Предисловие книги: Древнехристианская иконография, как выражение древнецерковного веросознания / Христофор, архим. ректор Моск. духов. акад. – М.: Унив. тип. (М. Катков), 1886. – 288 с. – репринтная копия

     Первые христиане происходившие из иудейства, вместе с десятословием естественно внесли в христианскую церковь и отвращение к идолопоклонству и его кумирам, какое питали к ним прежде, будучи иудеями. Если языческие статуи уже тогда были для них мерзостью, могли ли они благоприятно относиться к ним, сделавшись христианами.

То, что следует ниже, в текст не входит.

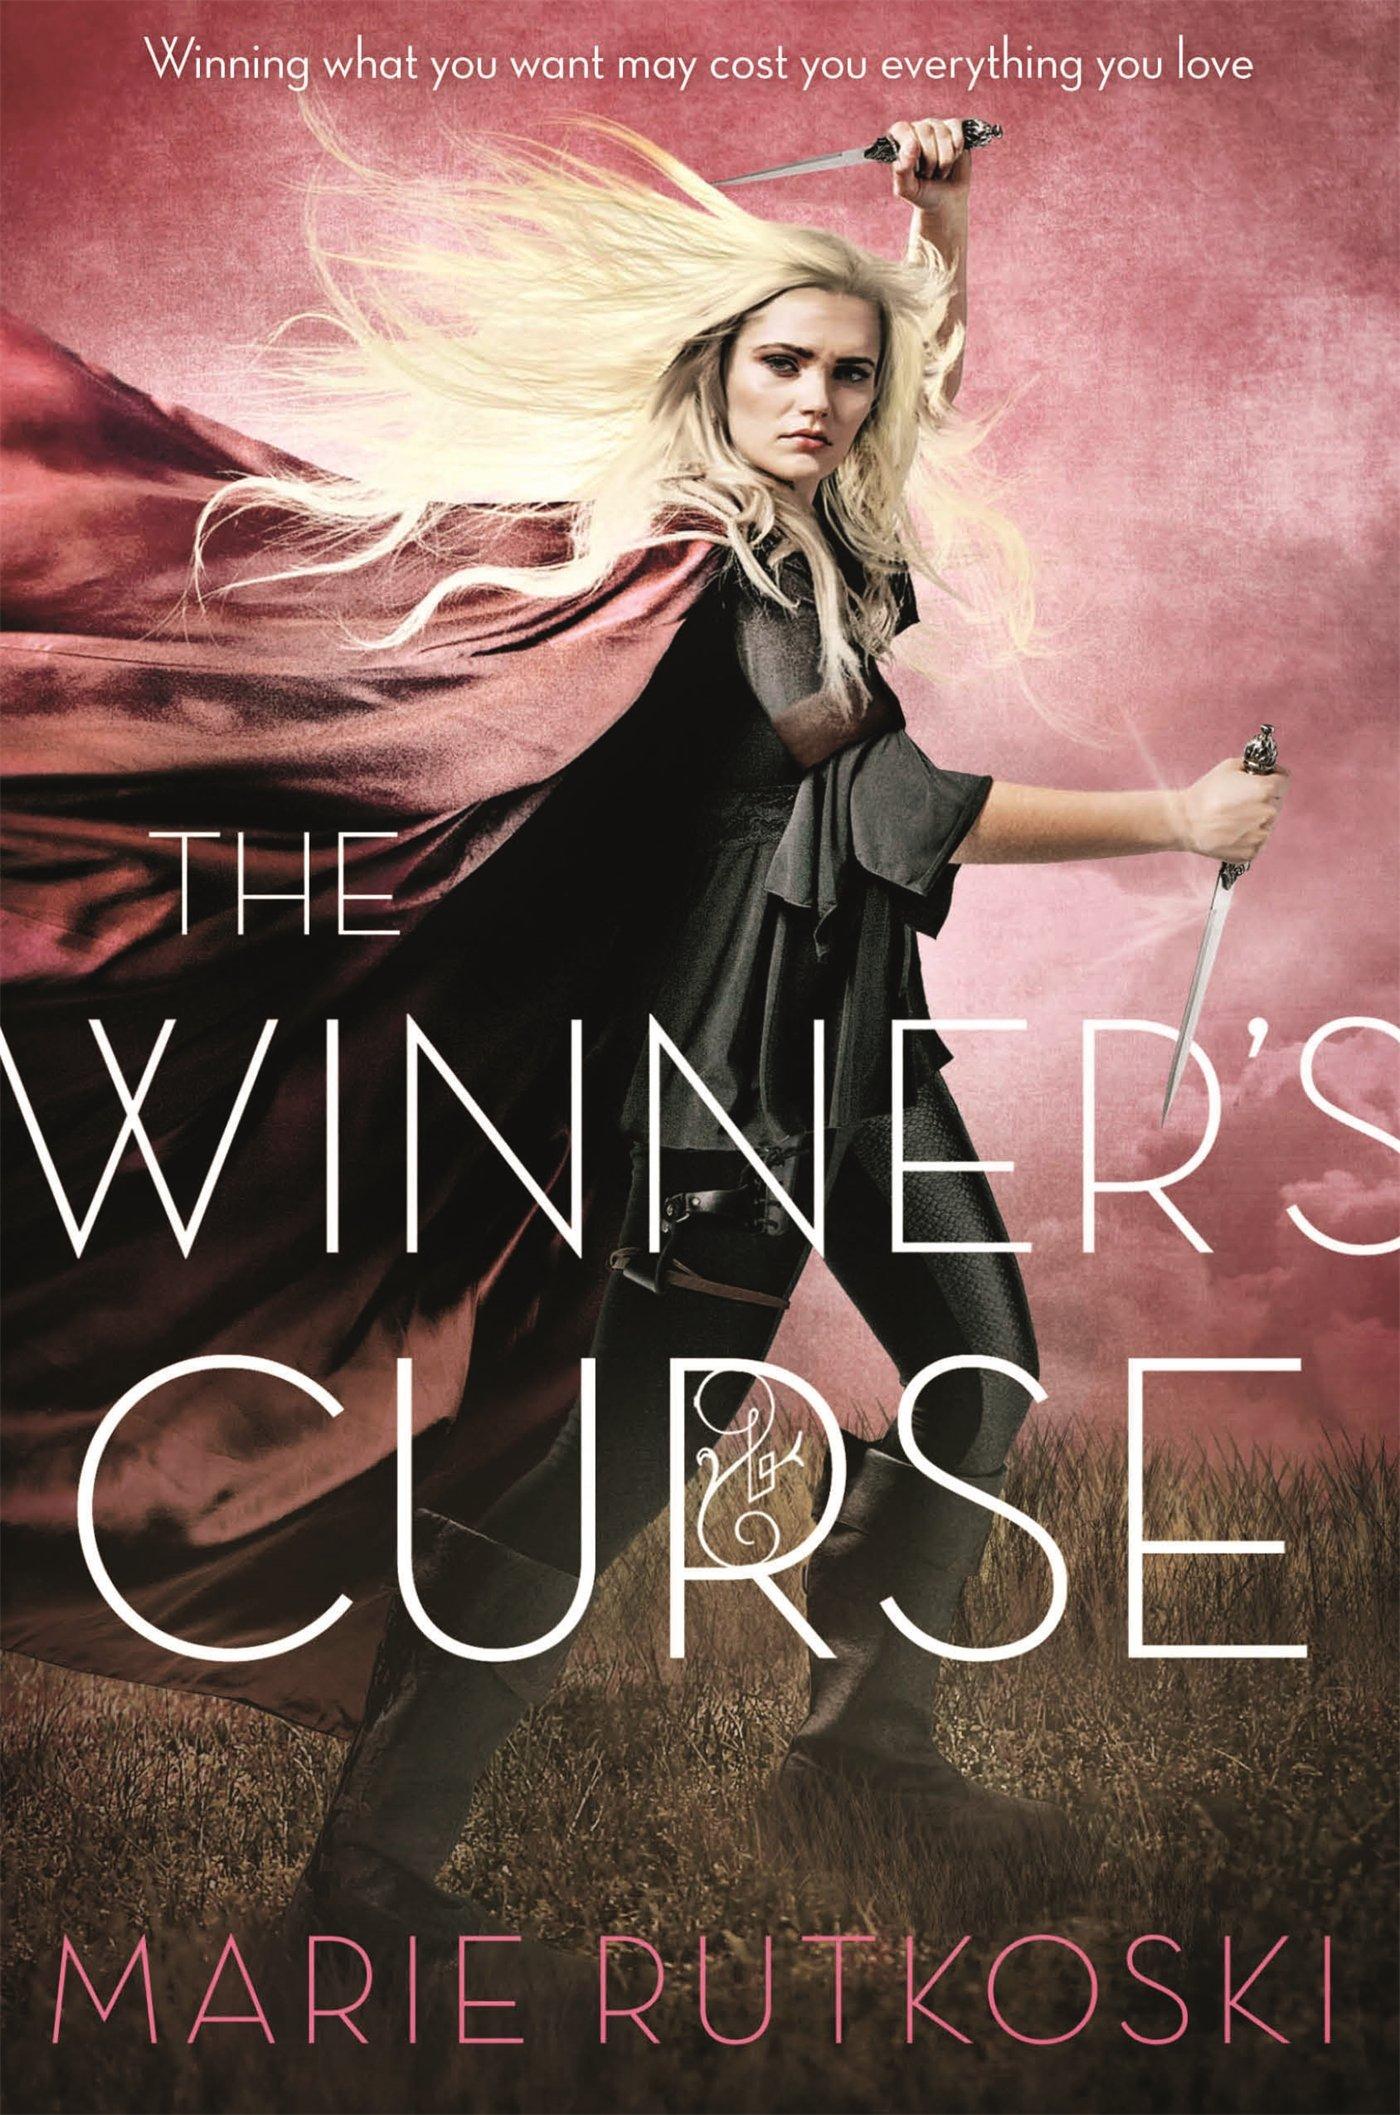 Amazon.com: The Winner's Curse (The Winner's Trilogy ...

     Точно также и язычники, обратившиеся в христианство, могли лишь с отвращением смотреть на своих прежних богов и уже опасение возврата к древнему идолослужению должно было побуждать их избегать, сколько возможно не только прежних художественных образов, но и всяких изображений. Потому народ и называл первых христиан безбожниками, что они ни в местах общественных богослужебных собраний не имели статуй прежних богов, нив домах не употребляли и не чтили никаких кумиров. Они устраняли даже картины и скульптуры, служившие к украшению домов и утвари домашней, так как те и другие напоминали им древние мифы о богах и могли смущать их мир душевный.
     Христианского искусства в строгом смысле в первые времена христианства еще не знали, да и не могли о нем думать первые христиане, пока сама жизнь не сделала возможным такое соединение сверхчувственной идеи с чувственною формою, при котором та и другая сохраняла свойственный характер и таким образом, между красотою классического искусства и духовною истиною христианства установился тот вожделенный мир, когда истина откровенной веры не отвергала чувственную красоту, как нечто греховное, а чувственная красота, в свою очередь, служила носительницей и выразительницей высоких идей веры. В этом именно и состоит сущность христианского искусства: ибо как в области веры и жизни, так и в области искусства христианство проповедует слово примирения. В классическом искусстве язычества преобладала чувственность и дух, носитель божественной искры, идеала истины, блага и красоты, был слугою чувственности, которая ему и обязана была характером идеальной красоты. В иудействе преобладал дух, стремившийся к чистой истине и боявшийся соблазнов чувственной красоты. Только христианство могло установить между истиною и чувственною формой, между духом и плотью, несмотря на их внутреннюю борьбу, тот вожделенный союз, которому христианское искусство обязано своим бытием и свойственною ему прелестью.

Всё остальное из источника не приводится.